怎么解决，每个链接找两个（Beautifulsoup，python）答案

【问题标题】：How to solve, finding two of each link (Beautifulsoup, python)怎么解决，每个链接找两个（Beautifulsoup，python）
【发布时间】：2017-03-21 23:33:13
【问题描述】：

我正在使用 beautifulsoup4 解析网页并使用此代码收集所有 href 值

    #Collect links from 'new' page
pageRequest = requests.get('http://www.supremenewyork.com/shop/all/shirts')
soup = BeautifulSoup(pageRequest.content, "html.parser")
links = soup.select("div.turbolink_scroller a")

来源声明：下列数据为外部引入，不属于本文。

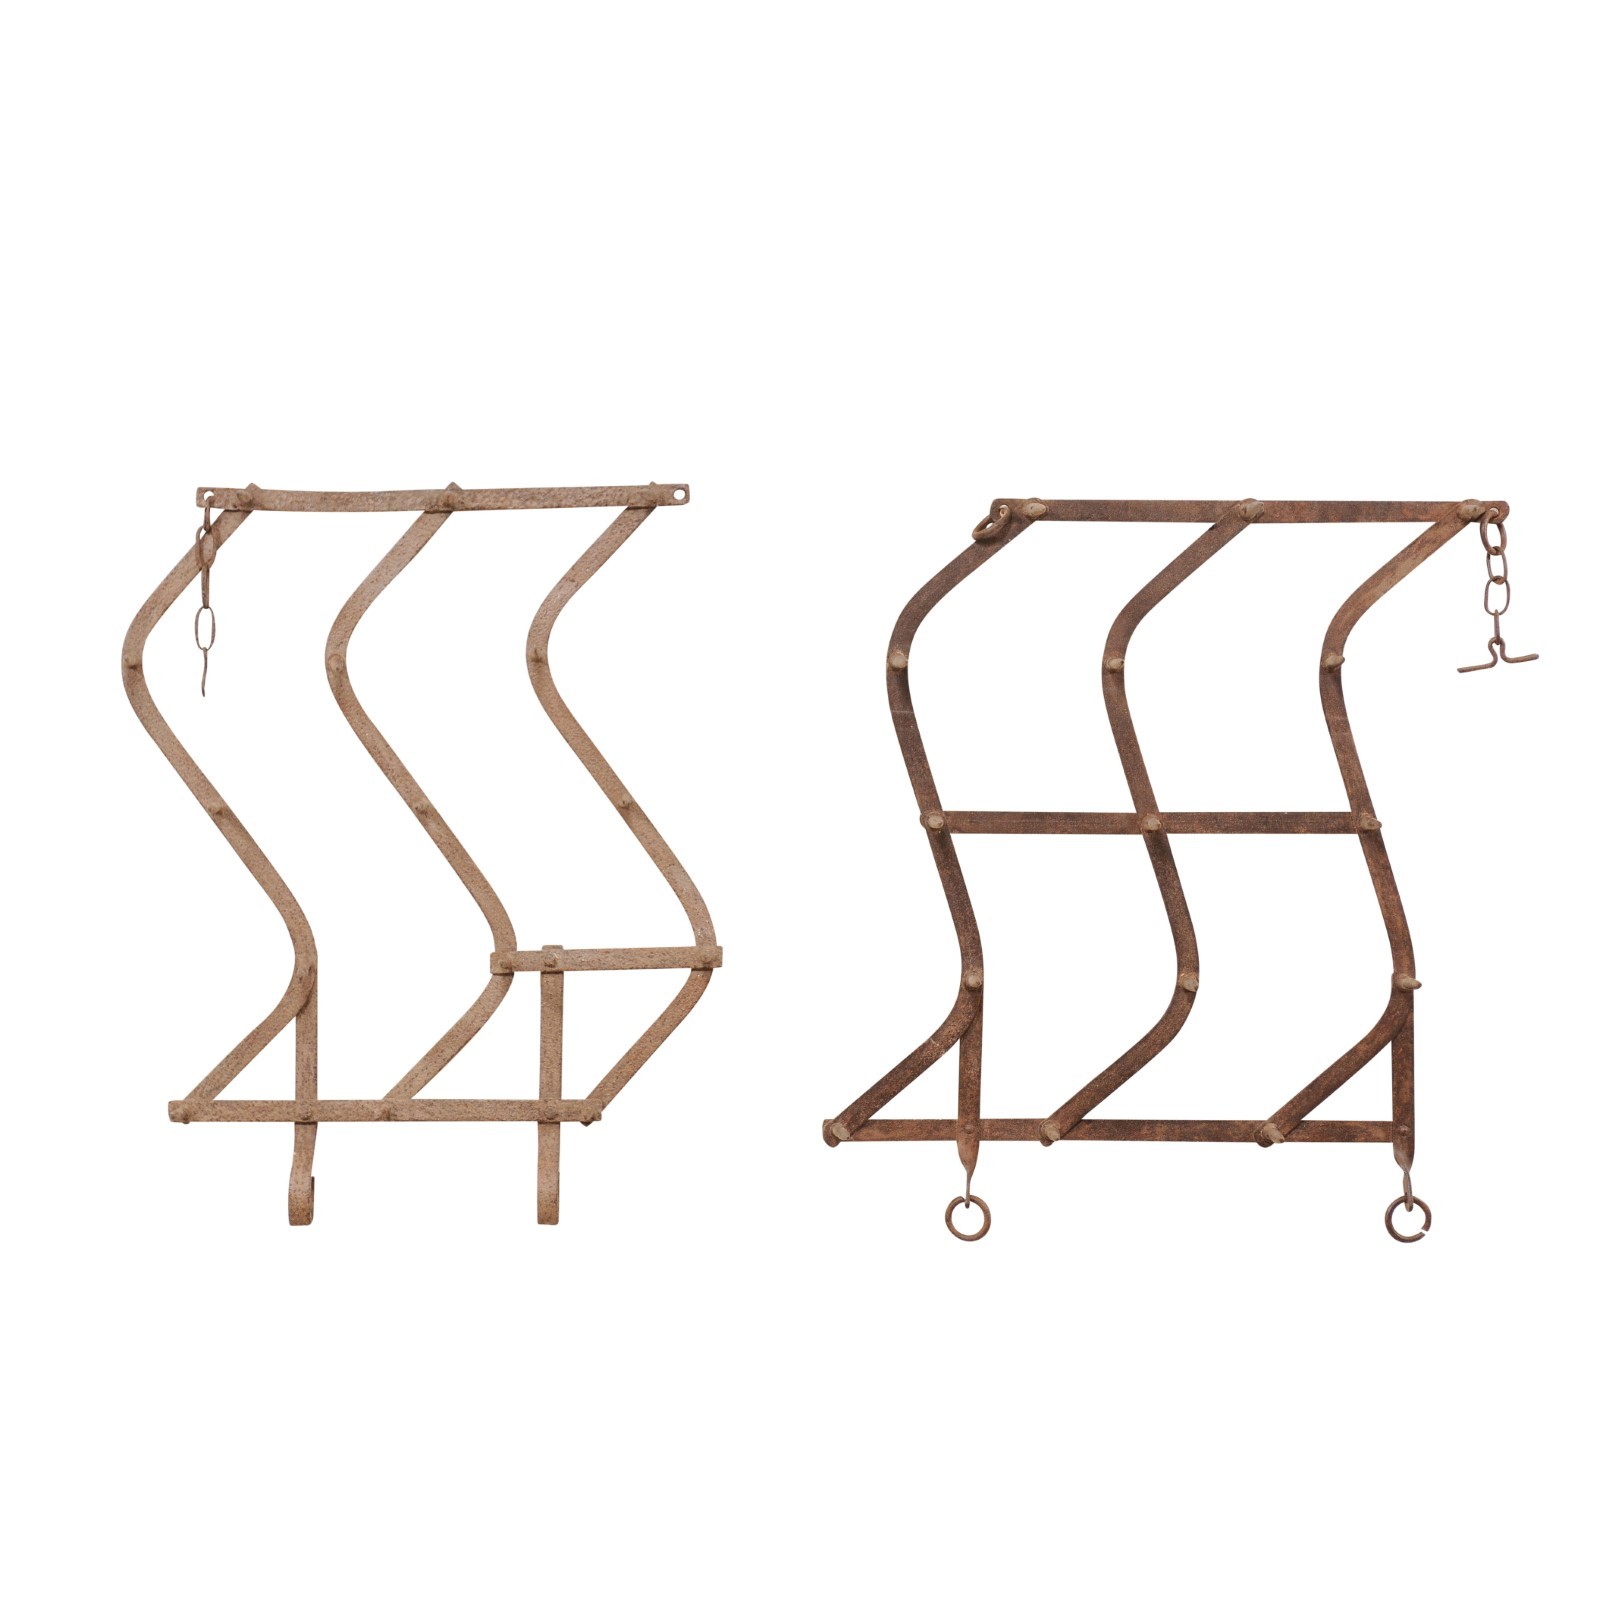 Wall Hanging Iron Kitchen Rack -2 available

allProductInfo = soup.find_all("a", class_="name-link")
print allProductInfo

linksList1 = []
for href in allProductInfo:
    linksList1.append(href.get('href'))

print(linksList1)

linksList1 打印两个链接。我相信这是因为它从标题中获取链接以及项目颜色。我已经尝试了一些事情，但无法让 BS 仅解析标题链接，并列出每个链接中的一个而不是两个。我想它真的很简单，但我想念它。提前致谢

【问题讨论】：

将 linksList1 设为 set() 而不是 list()
非常感谢

标签： python parsing beautifulsoup href

【解决方案1】：

set(linksList1)        # use set() to remove duplicate link
list(set(linksList1))  # use list() convert set to list if you need

【讨论】：

【解决方案2】：

alldiv = soup.findAll("div", {"class":"inner-article"})
for div in alldiv:
    linkList1.append(div.h1.a['href'])

【讨论】：

【解决方案3】：

此代码将为您提供结果而不会得到重复的结果（也使用 set() 作为@Tarum Gupta 可能是一个好主意）但我改变了你爬的方式

import requests
from  bs4 import BeautifulSoup

#Collect links from 'new' page
pageRequest = requests.get('http://www.supremenewyork.com/shop/all/shirts')
soup = BeautifulSoup(pageRequest.content, "html.parser")
links = soup.select("div.turbolink_scroller a")

# Gets all divs with class of inner-article then search for a with name-link class
that is inside an h1 tag
allProductInfo = soup.select("div.inner-article h1 a.name-link")
# print (allProductInfo)

linksList1 = []
for href in allProductInfo:
    linksList1.append(href.get('href'))

print(linksList1)

【讨论】：